* Supplied data:
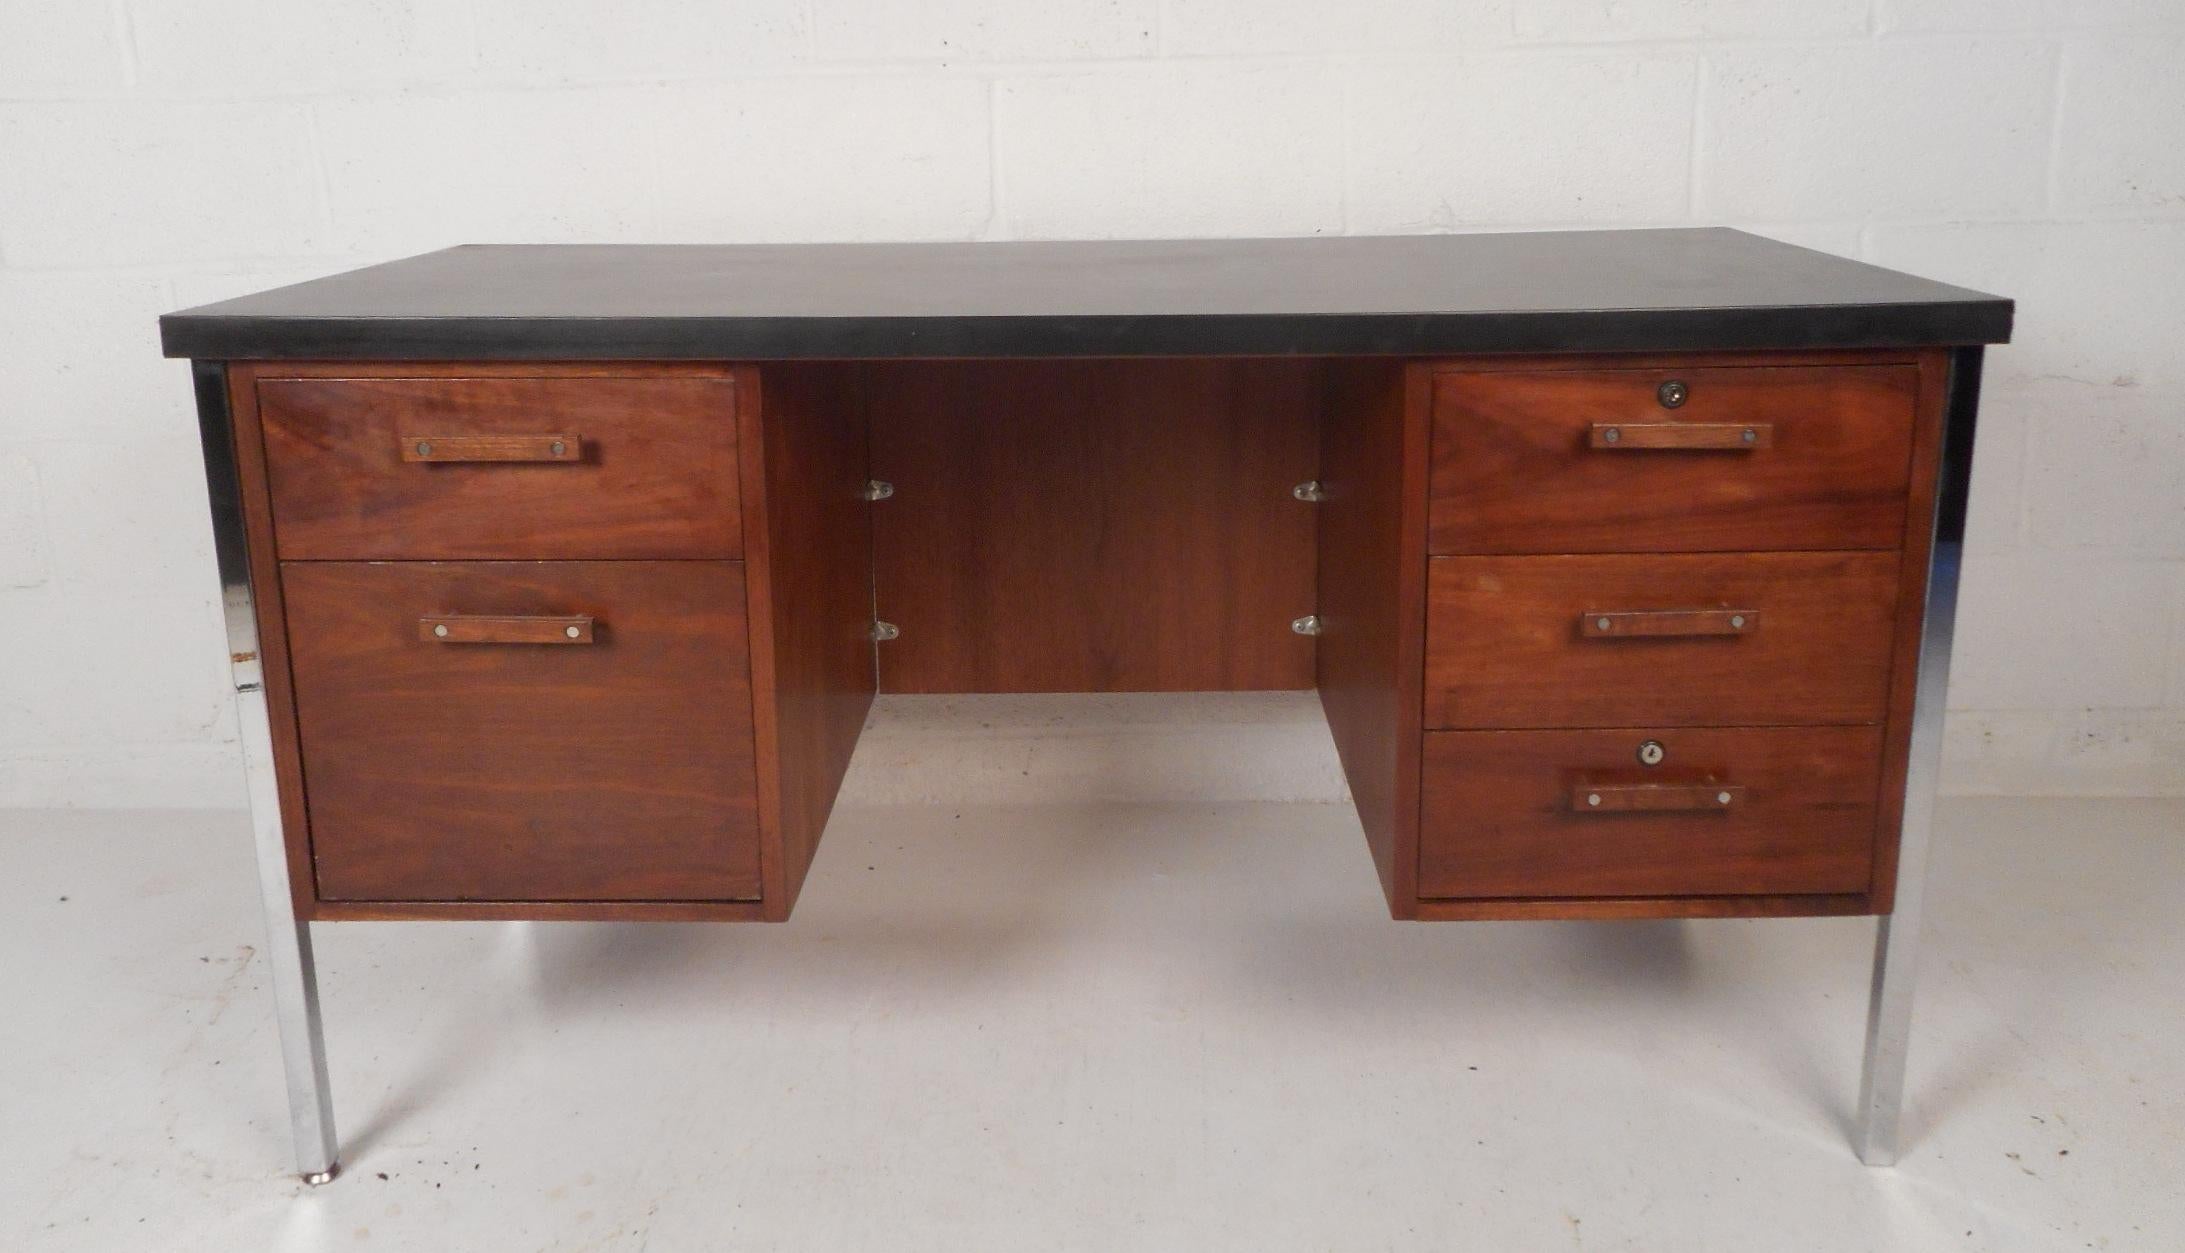 This stunning vintage modern desk features a black painted wood top and chrome legs. A sleek design with a vast amount of storage space within its five hefty drawers. Quality construction with elegant walnut wood grain and unique drawer pulls adding
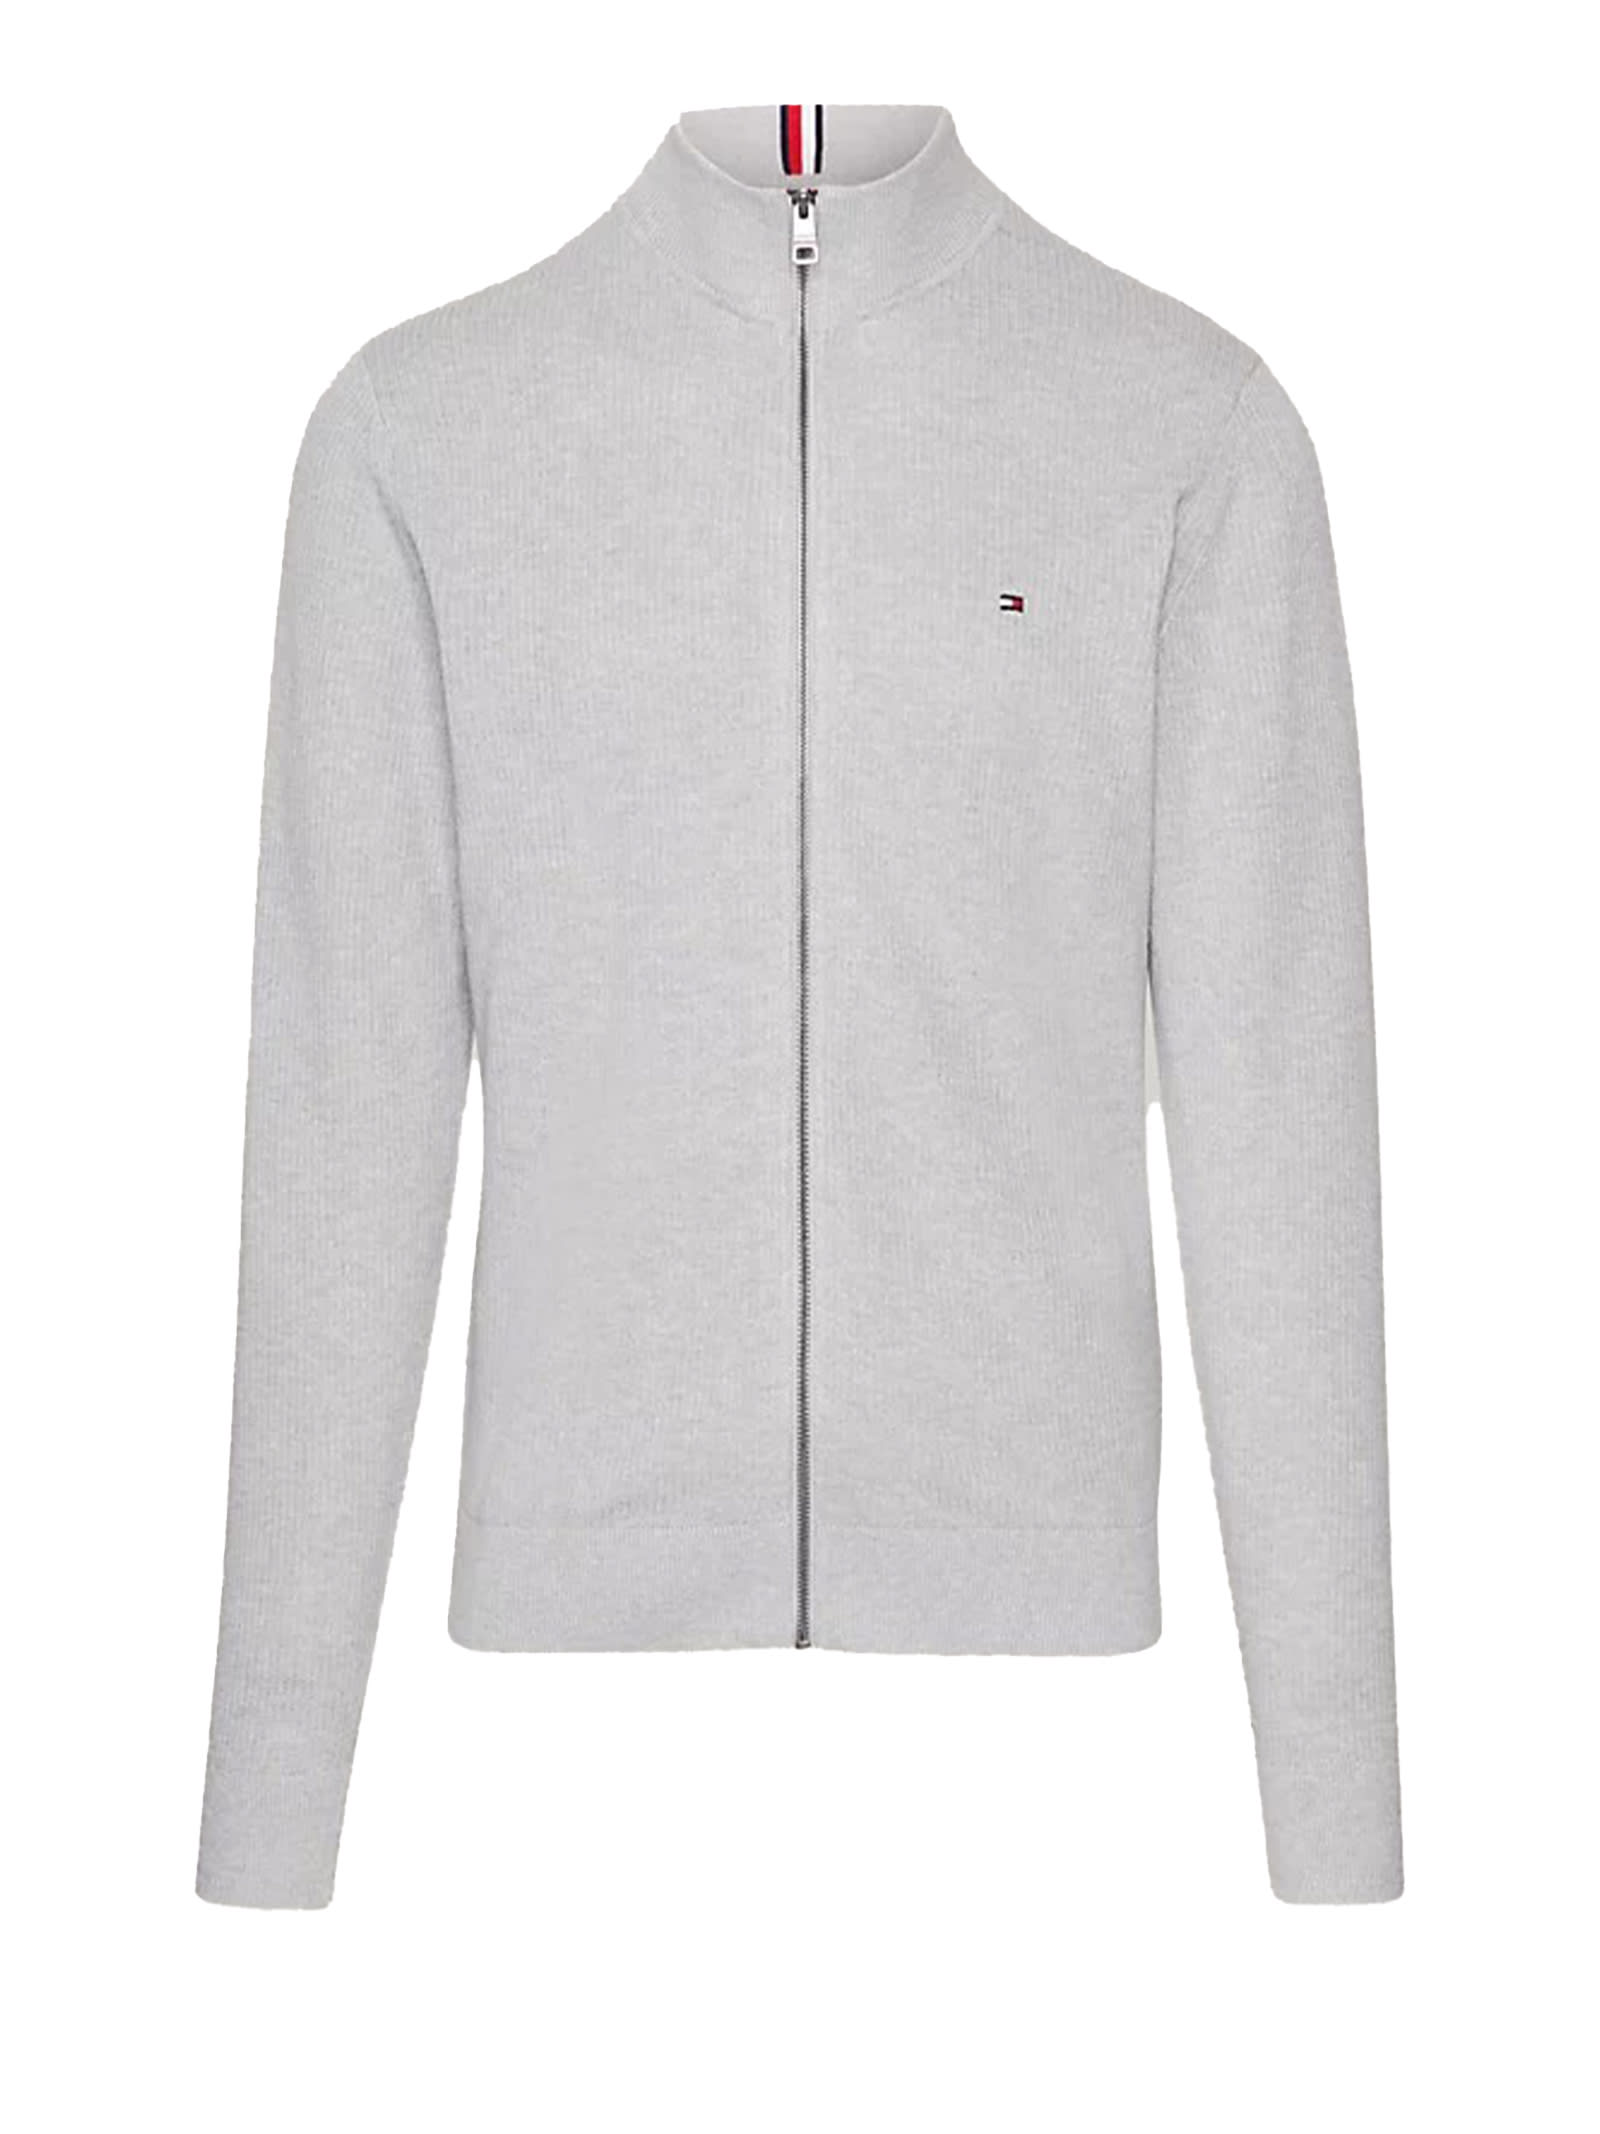 Shop Tommy Hilfiger Textured Cardigan With Full Zip In Light Grey Heather
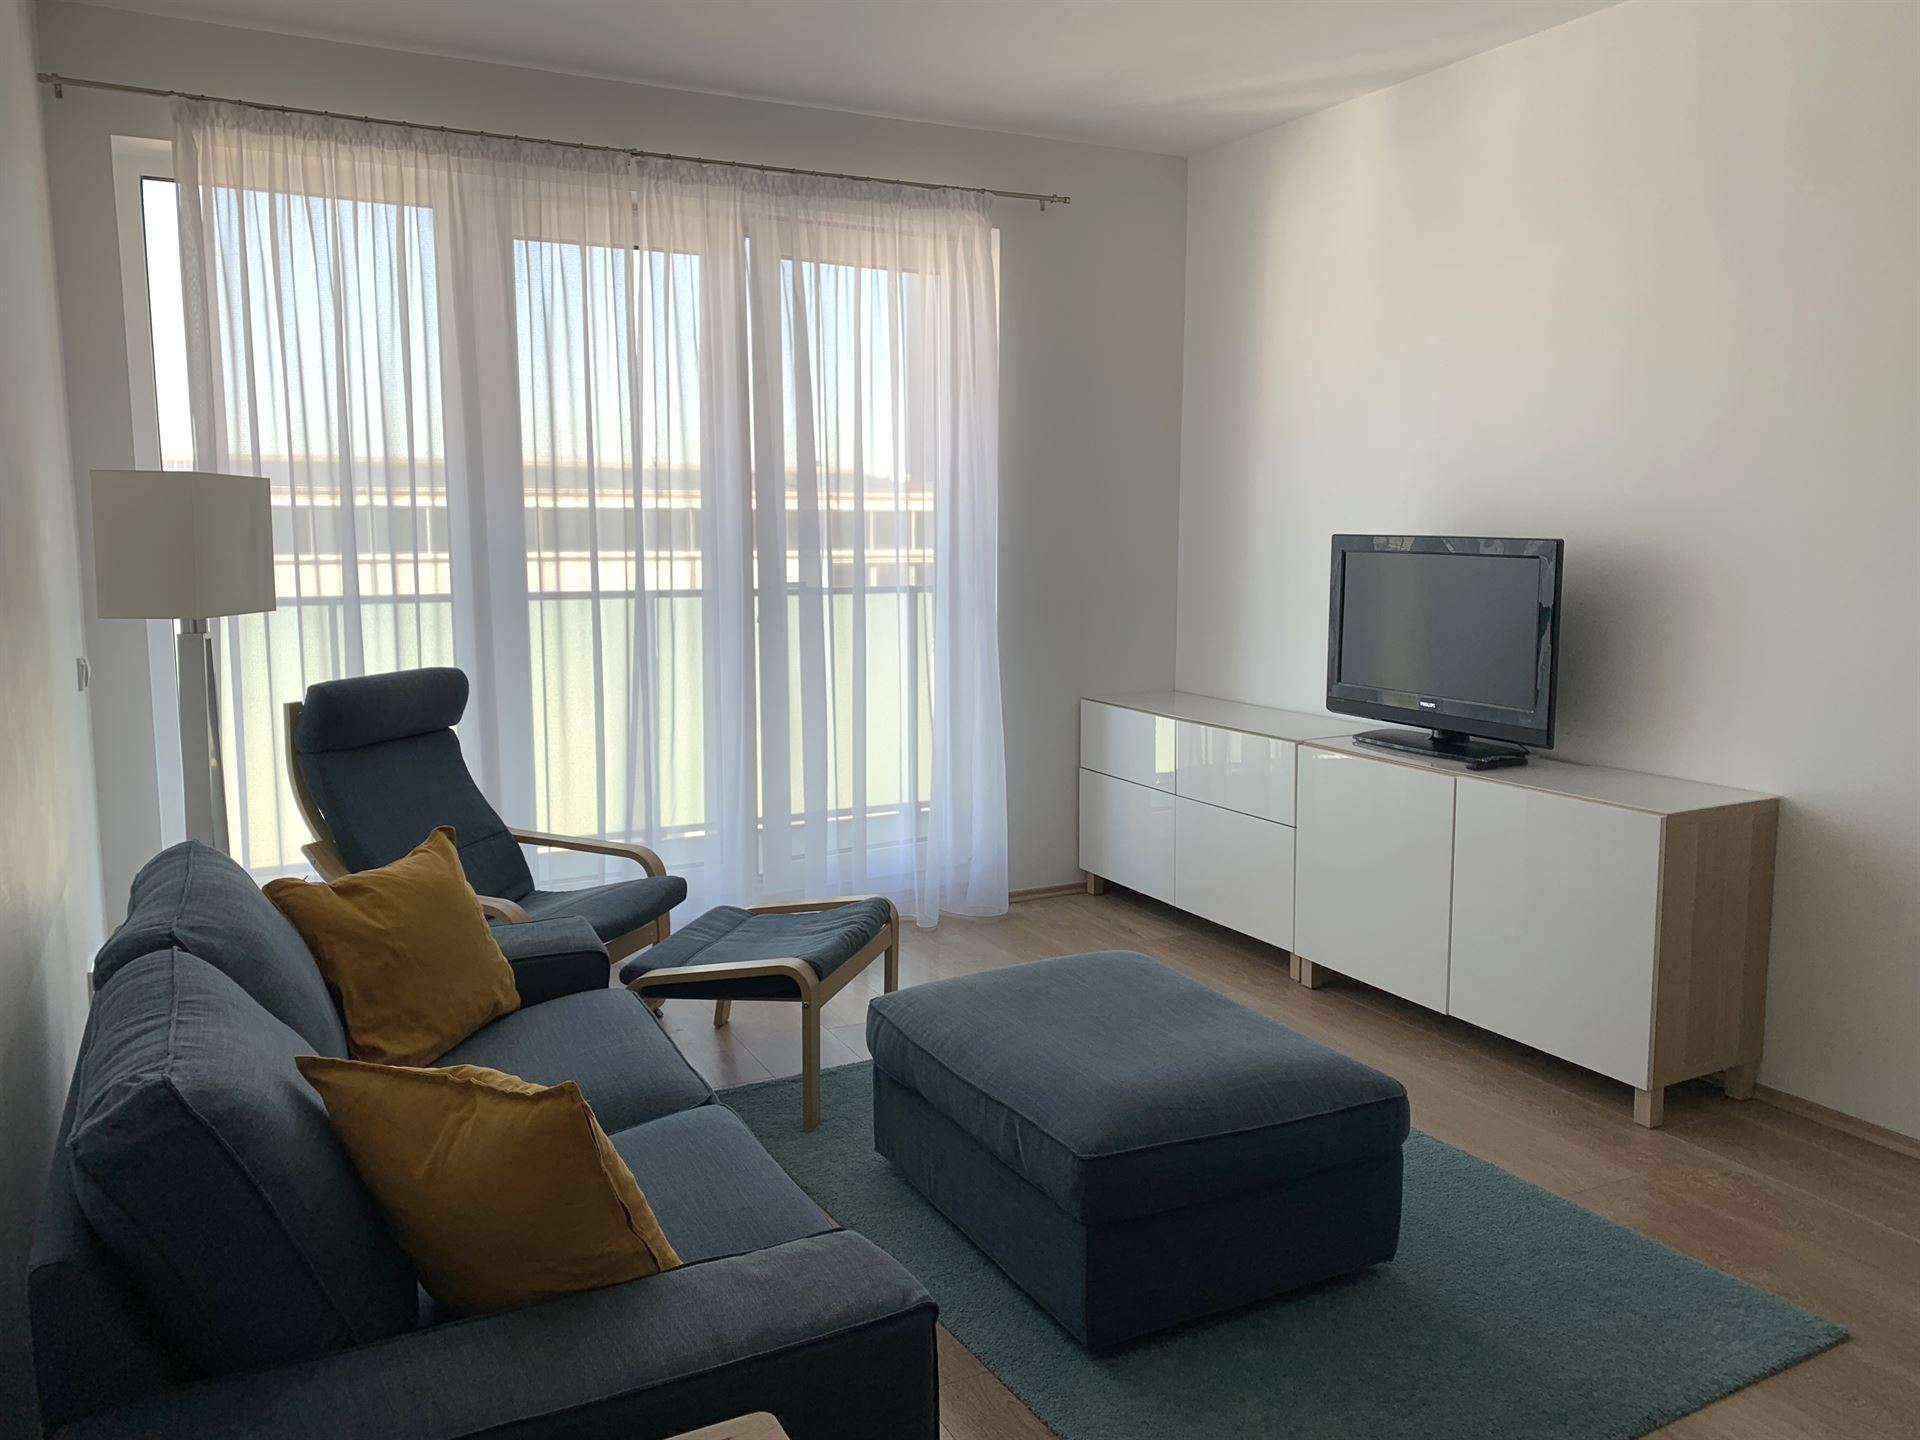 budapest-rental-long-term-property-for-rent-district-13-flat-for-rent-new-condo-rental4

* Work instructions: Reproduce the lines above letter for letter. The pictures stay behind.

* Solved problem:
 This stunning vintage modern desk features a black painted wood top and chrome legs. A sleek design with a vast amount of storage space within its five hefty drawers. Quality construction with elegant walnut wood grain and unique drawer pulls adding
 Shop Tommy Hilfiger Textured Cardigan With Full Zip In Light Grey Heather
 budapest-rental-long-term-property-for-rent-district-13-flat-for-rent-new-condo-rental4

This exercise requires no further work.